> [Work instructions] Reproduce, without alteration, every line of the data; exclude the images.

(Beginning of Data provided)

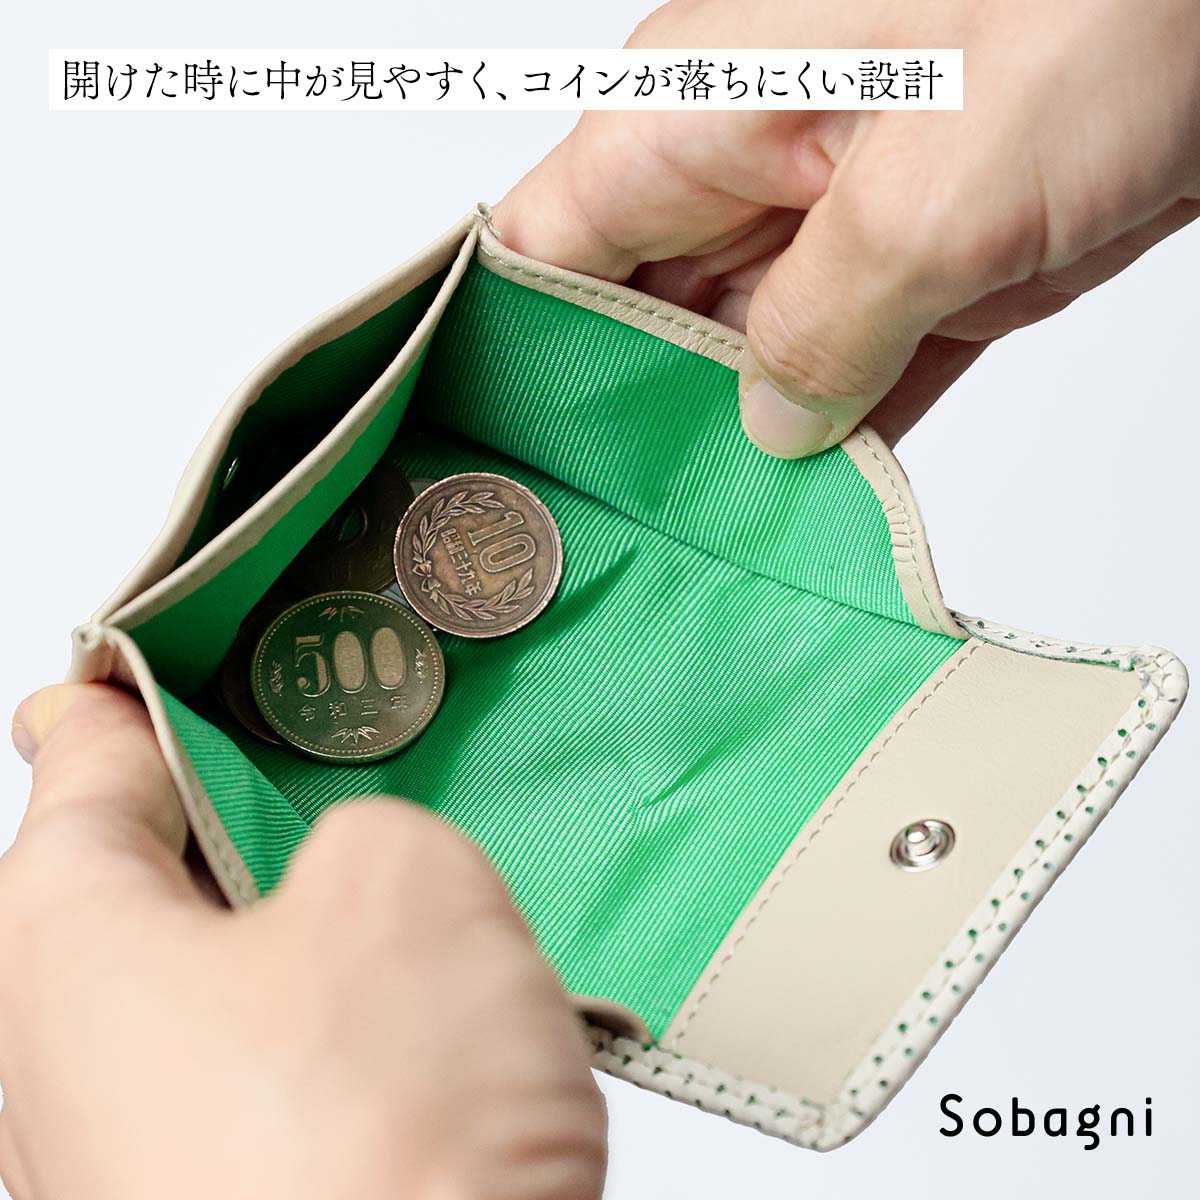 渋い深緑色の長財布です！小銭入れもあります
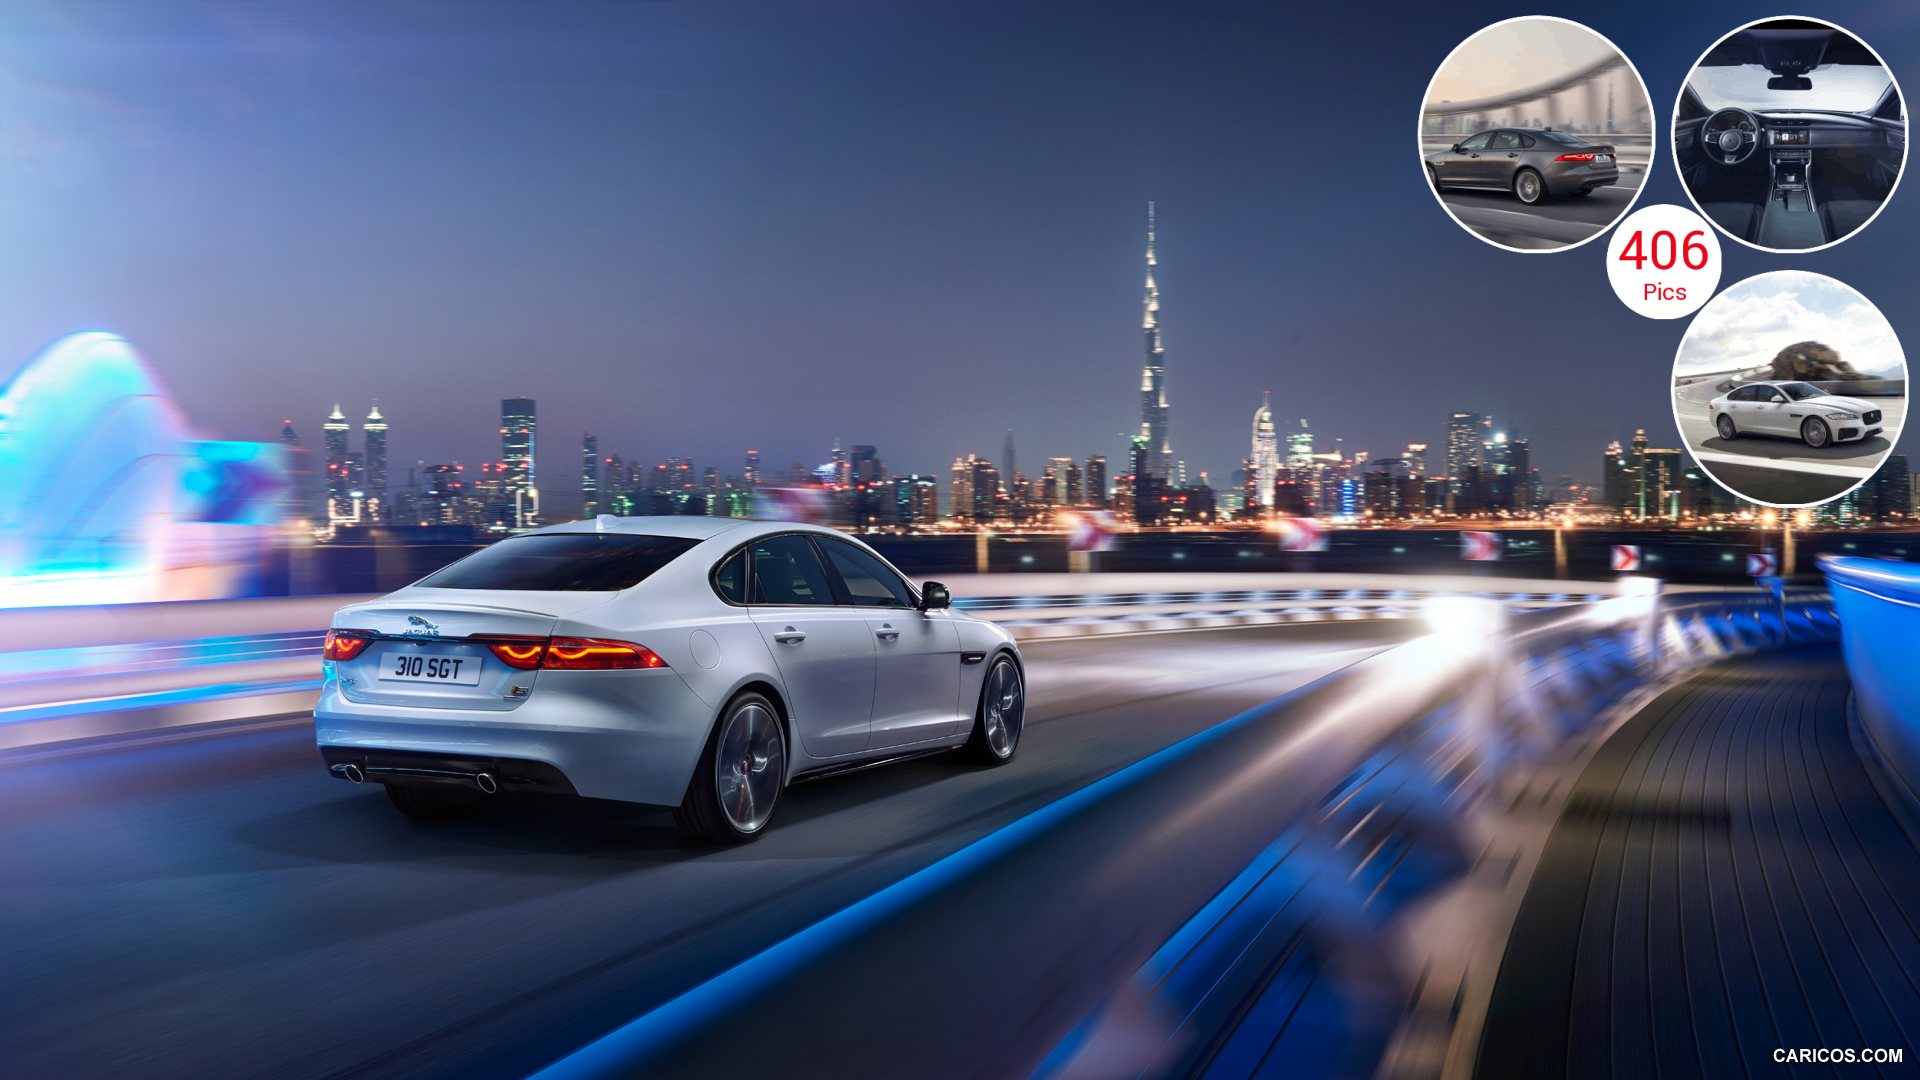 New Jaguar Car Dubai - HD Wallpaper 
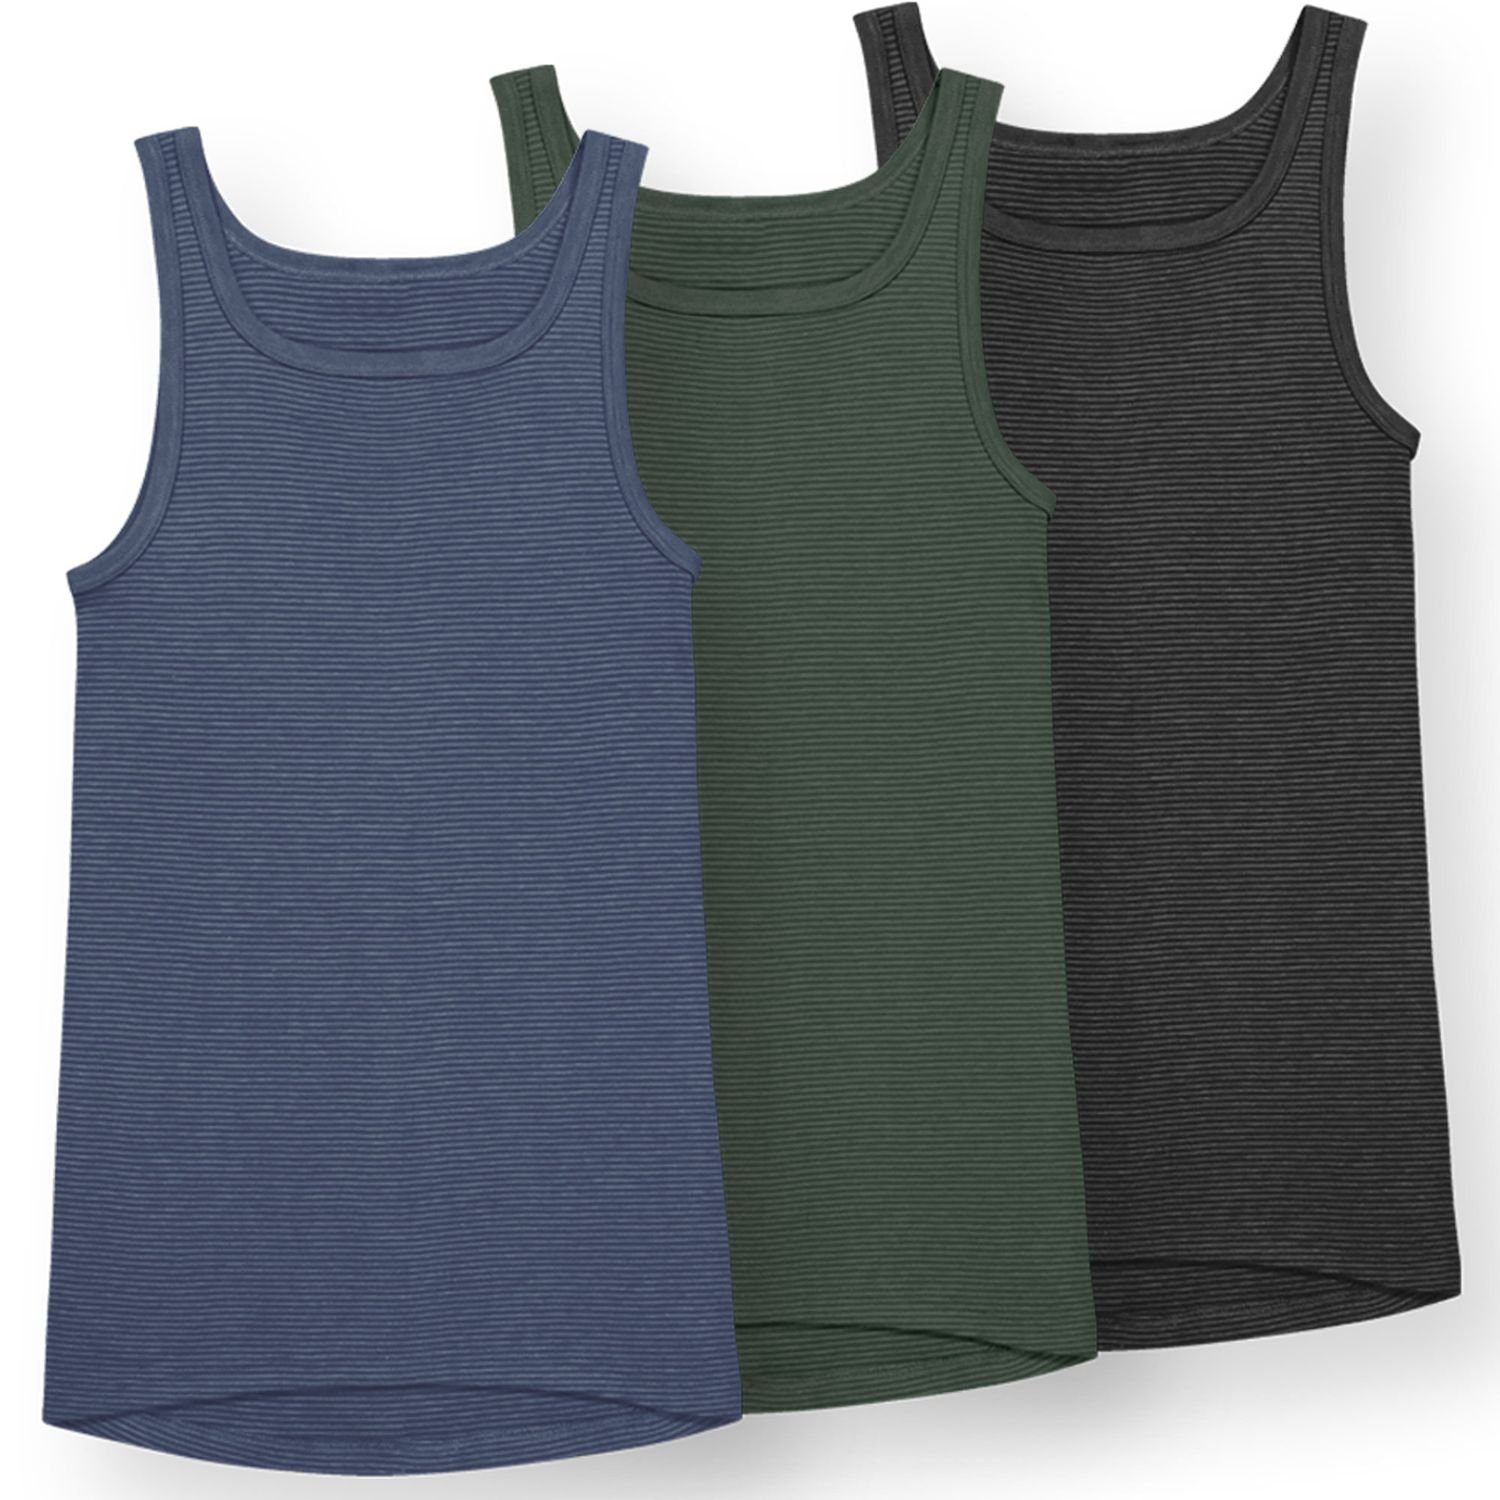 Ammann Unterhemd Premiumqualität (Mehrpack, 3-St., 3 Stück) strapazierfähig und pflegeleicht im 3er Pack dunkelblau / olive / anthrazit

(End of Data provided)

> [Task solution]
 渋い深緑色の長財布です！小銭入れもあります
 New Jaguar Car Dubai - HD Wallpaper 
 Ammann Unterhemd Premiumqualität (Mehrpack, 3-St., 3 Stück) strapazierfähig und pflegeleicht im 3er Pack dunkelblau / olive / anthrazit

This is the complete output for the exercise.